I am in the same boat you are. I also appreciate your practical and concise poin...

epistasis · on Nov 8, 2015

I've only messed with a single tunnel at a time. However, there's a whitepaper from Intel from several years ago that says that multiplexing over 6-12 tunnels should possibly work:

http://www.intel.com/content/dam/www/public/us/en/documents/...

The question remains on how to perform routing for this. It appears that running Quagga on both end points, speaking BGP to each other, will allow ECMP over the 6-12 IPsec tunnels. Each individual stream will still be capped at ~1Gbit, but at least the total throughput could be used and there's no traffic between the two endpoints that's not encrypted.

However, getting Quagga + BGP + ECMP + multiple IPsec tunnels + pinning tunnels to particular cores + setting up the RSS flows from the NIC to particular cores... Well it was a bit more than I could bite off at the time. The pieces feel sooo close to working, but it becomes a Rube Goldberg machine of systems software, with each piece operating at the limit of its design properties.

And honestly, I kind of want two orthogonal encryption technologies; TLS has bugs every other day it seems, and IPsec has always seemed a little bit suspicious, and really who knows if my random numbers are really random, so I wanted two layers.

Please do share if you make any progress!

phil21 · on Nov 8, 2015

I hesitate to post as my experience is a bit dated as well, but this topic continually seems to come up lately in my circles without a whole lot of authoritative information I've been hearing.

Single-stream IPSec is still a major performance issue. Maybe someone out there is getting more than about 2.5Gbps performance in the real world per stream out there, but I haven't talked to them. This is with some pretty idealistic assumptions too - I would expect most folks real-world performance is orders of magnitude lower.

Scaling it over multiple cores does work, but introduces the complexity that you mention. This still completely ignores the major problem of the fact that single flows are stuck with early-2000's level network performance! With ethernet moving to 40g in high-performance applications, being stuck with 2gbps TCP connections inside the datacenter is not ideal and makes doing global-infrastructure-level ipsec a non-starter. I briefly spent some time considering going 100% ipsec for all inter-cluster communications for a product we were building, but the performance implications put that dead in the water almost immediately. Moving it up the stack into the application was far less expensive - but of course carries with it the cost that you are no longer operating in a "fail safe" environment.

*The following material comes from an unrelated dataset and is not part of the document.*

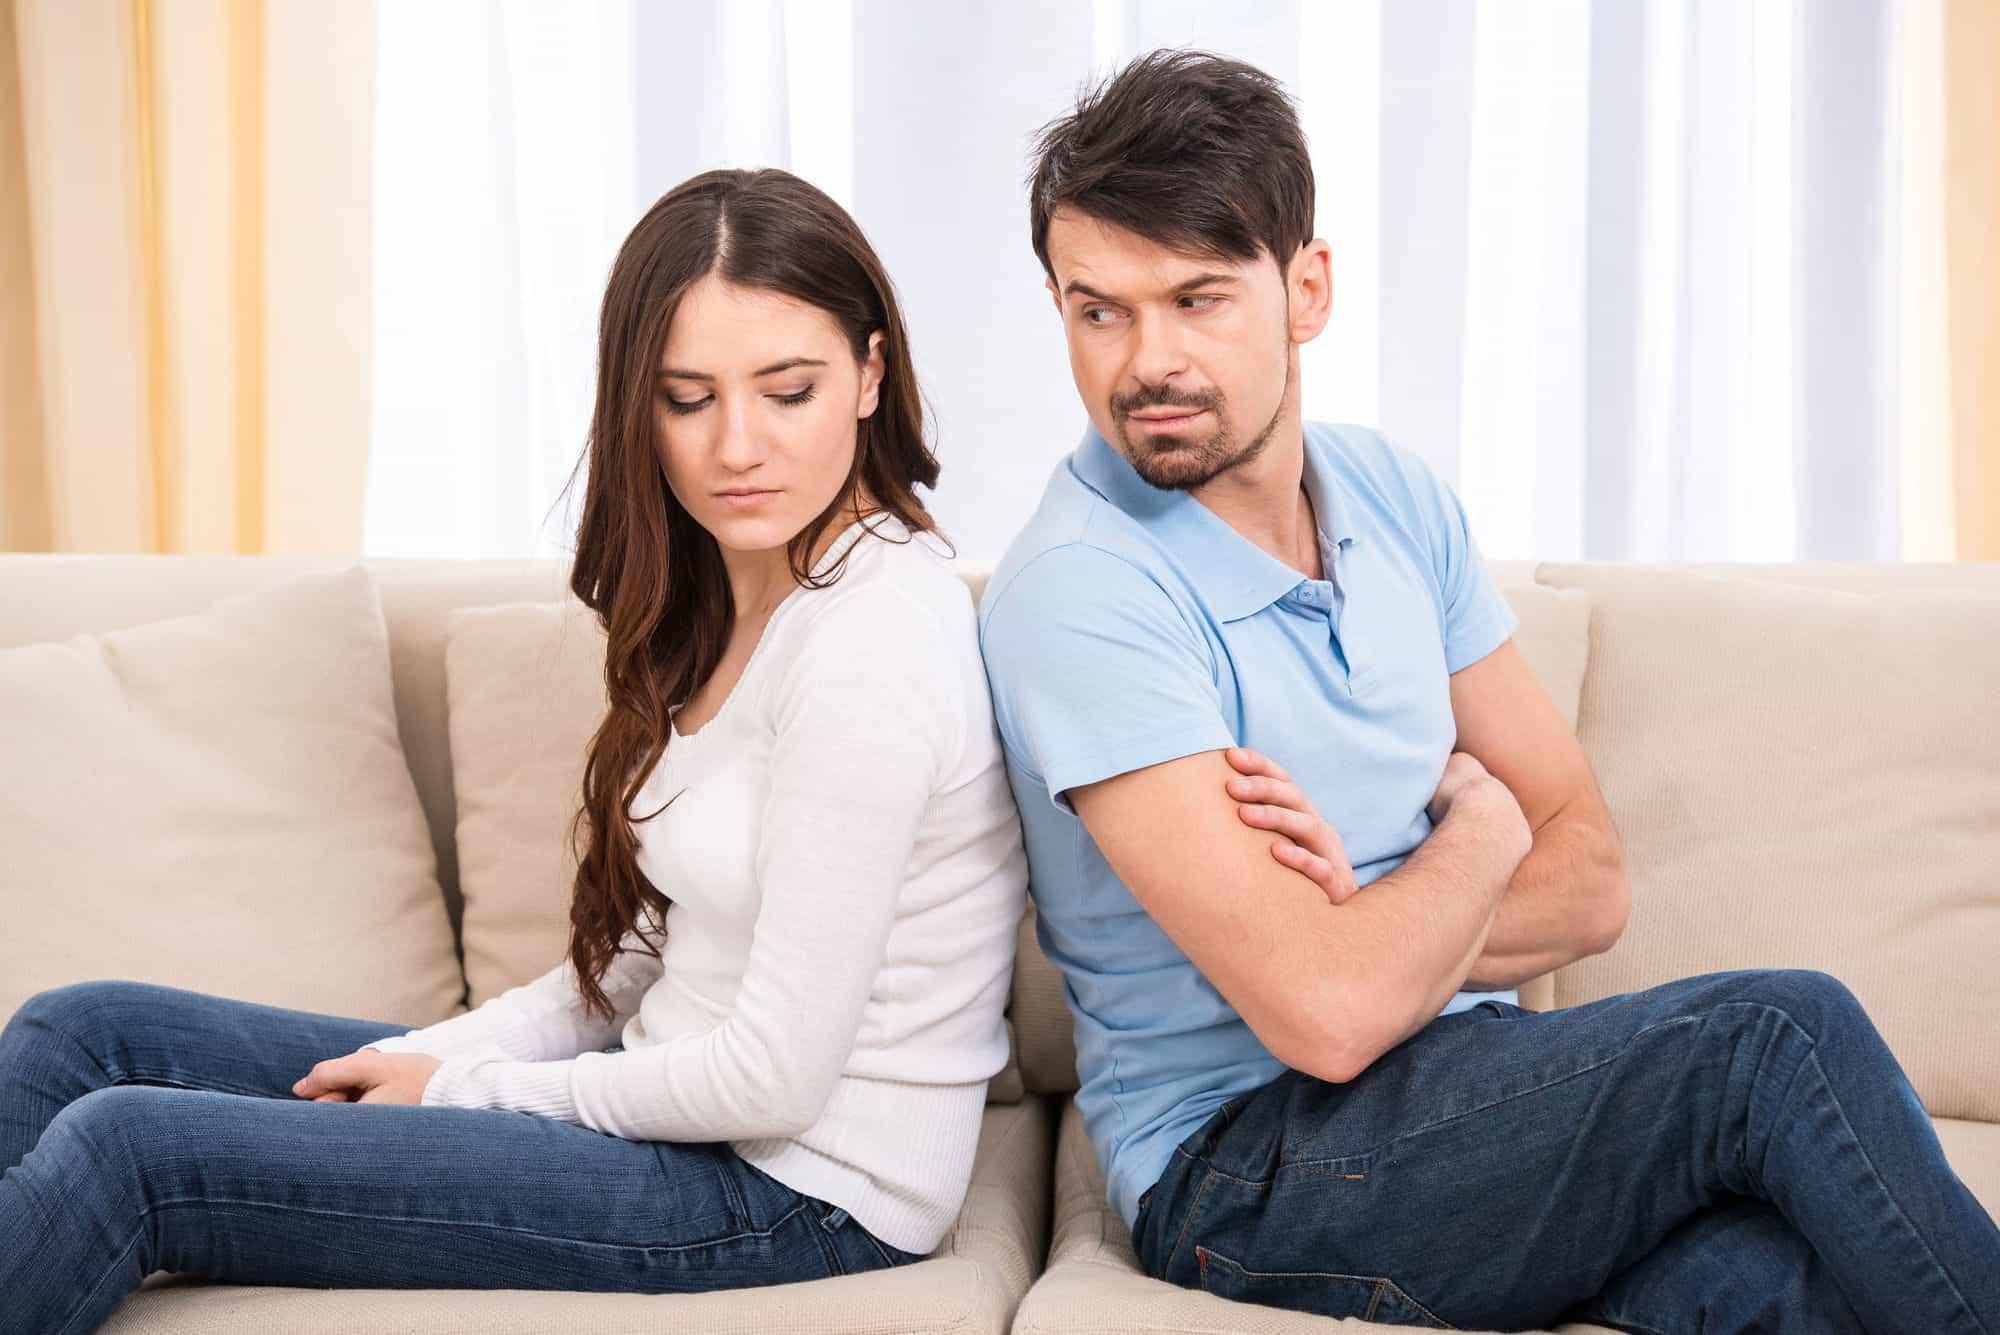 بالصور كلمات عتاب للزوج , عتاب الزوج بكلمات براقه 3771
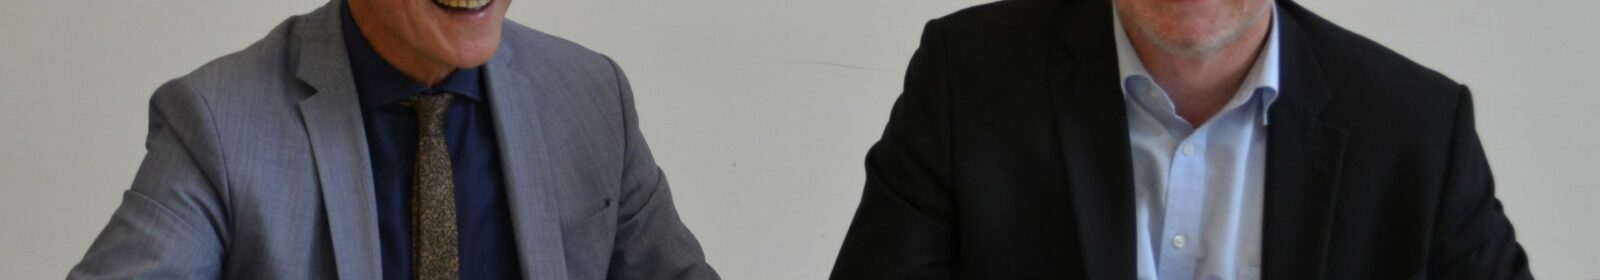 Vertragsunterzeichnung von Geschäftsführer der Stiftung Mercator, Winfried Kneip und Kultusminister Ulrich Commerçon, v.l.n.r.

You could make the argument that anything high performance needs to horizontally scale across multiple streams and links - but that's being too idealistic for the current state of technology. Sometimes you just really need to make that legacy NFS transfer go faster.

With the advent of hardware acceleration built into "commodity" CPUs these days - I really did expect more real-world progress on this front both on the linux side and custom asics (e.g. switches/routers). Given the number of colleagues/customers who have asked for similar solutions ("I want 10gbps single stream ipsec") it's not an uncommon problem folks are running across.

epistasis · on Nov 8, 2015

For others who are interested, here's a thread that culminates in the 2.5Gbps number:

http://permalink.gmane.org/gmane.linux.network/280175

And here's some StrongSwan documentation about getting there:

https://wiki.strongswan.org/projects/strongswan/wiki/Pcrypt